30 janvier 2014 - 20:30
" Dissolution du Conseil islamique chiite de Bahreïn est fou "

Le clerc maximale Bahreïn, Cheikh Issa Qasim a dit que la décision du régime Al Khalifa de " dissoudre le Conseil islamique chiite de Bahreïn est fou. "

Agence de Nouvelles d'Ahlul Bait (ABNA) : La figure religieuse importante Bahreïn a fait ces déclarations au cours de la prière du vendredi dans l'ouest de Manama, la capitale du pays arabe, dans la mosquée de l'Imam Sadeq (paix soit sur lui).

Il a également veillé à ce que les efforts du régime pour mettre fin à des activités religieuses sont des « hallucinations et la folie », tandis révélé que la décision avait été prise auparavant.

Le but de l'annulation est de créer des obstacles dans le processus de dialogue ont souligné les membres du clergé de Bahreïn maximales, alors que cette mesure a indiqué que le régime d'Al Khalifa est une insulte à la religion et les gens.

Il a également décrit la phrase tribal, hostile, vengeur et avoir des connotations politiques parce que, dit-il, vise à approfondir les divergences entre la nation.

Mercredi, la justice a ordonné Bahreïn dans une décision, la désintégration du Conseil islamique chiite. Le jugement indique que le groupe est «illégal» et a été engagé dans des activités politiques qui « menacent la sécurité du Royaume arabe» selon ABNA.

Le ministre bahreïni Justice Cheikh Khalid Bin Ali Al Khalifa, a déposé une plainte contre cette institution chiite fondée en 2004 et présidée par le plus élevé religieux du pays, Cheikh Issa Qasim, qui exige la dissolution du conseil et de la confiscation leurs biens.

La communauté chiite en plus de rayer la phrase " cruel et injuste ", a déclaré qu'il poursuivrait ses manifestations pacifiques jusqu'à ce que leurs revendications légitimes matérialisent.

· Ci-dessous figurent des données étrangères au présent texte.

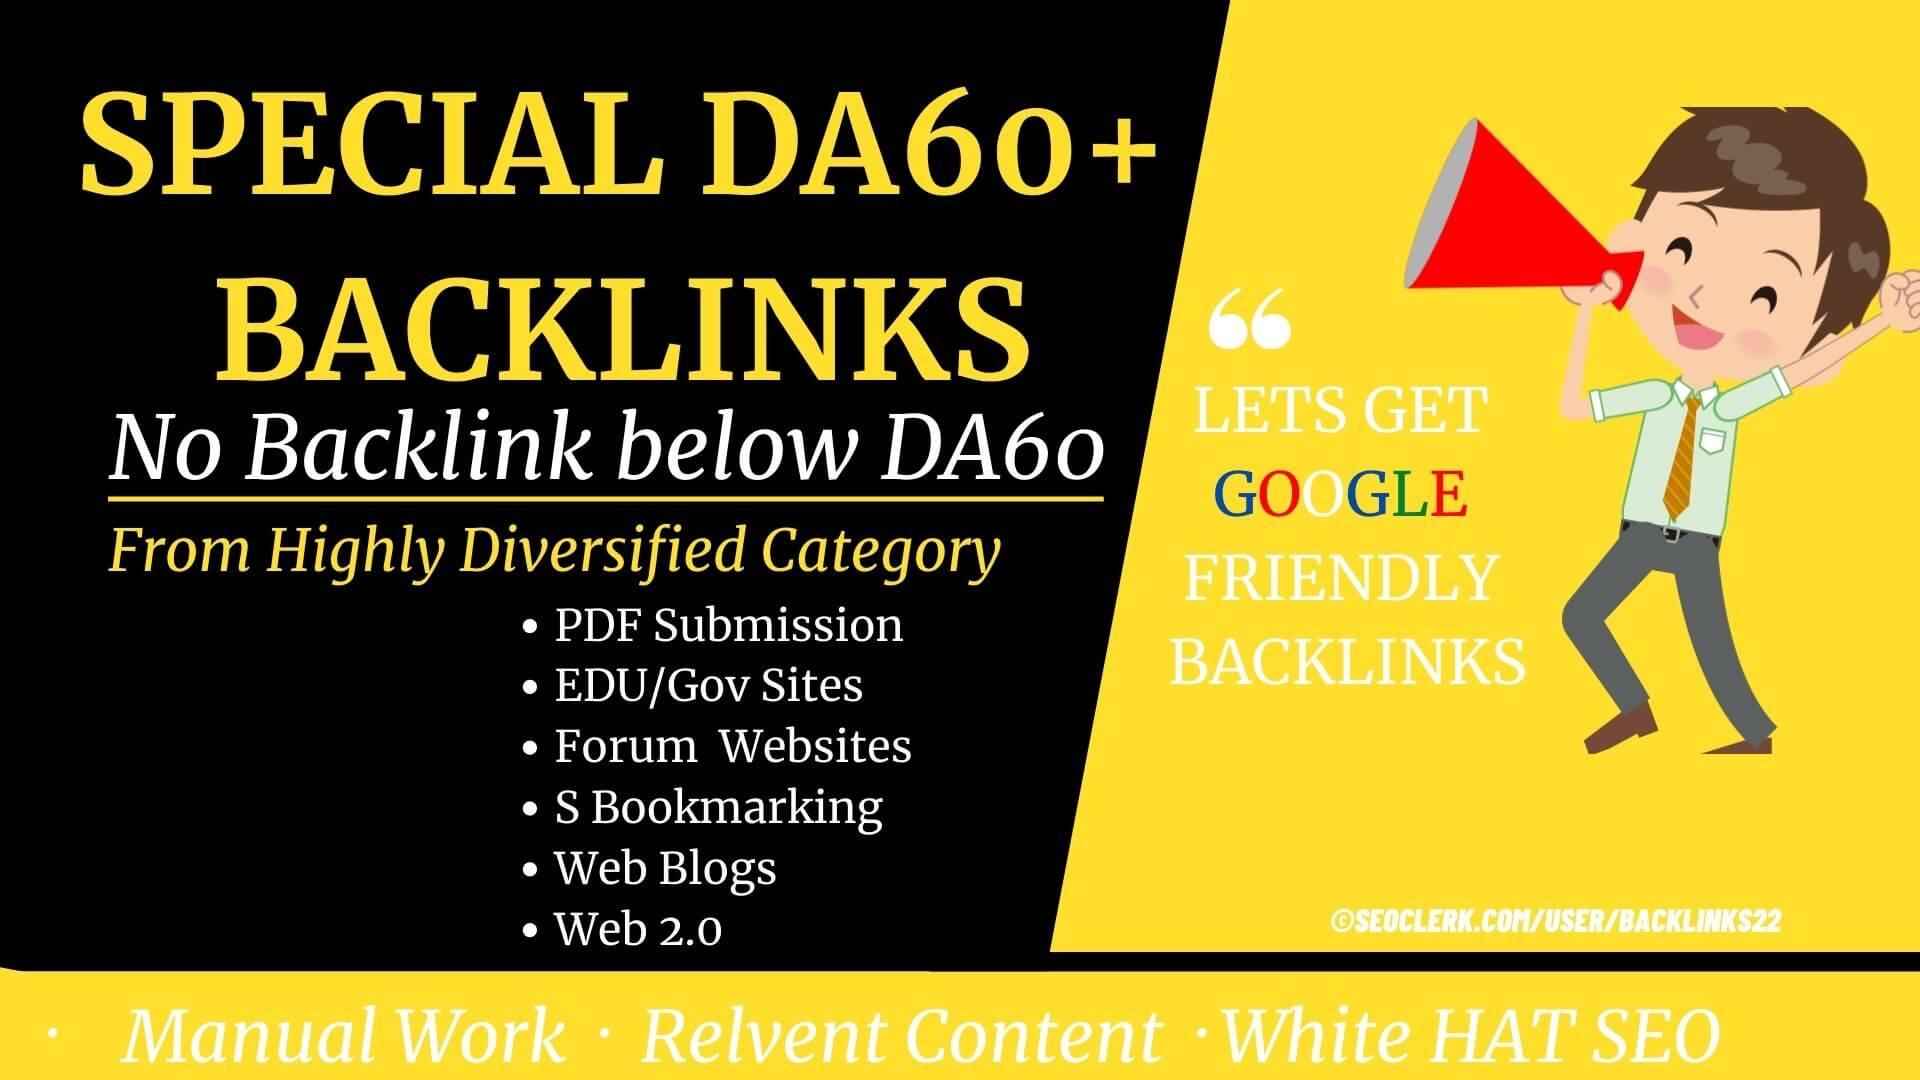 Only DA100 to DA60+ Backlinks- 103 Premium Backlinks for high competition keyword

Depuis Février 2011, les bahreïnies sont les protagonistes d'un mouvement populaire qui exige un gouvernement juste et constitutionnel, mais leurs marches pacifiques ont été brutalement réprimées par le régime à Manama, soutenu par les pays étrangers comme l'Arabie Saoudite et les Emirats arabes unis (EAU).

Selon des sources locales, des dizaines de personnes sont mortes et des centaines ont été arrêtés arbitrairement par les forces d'Al- Khalifa depuis le début des manifestations.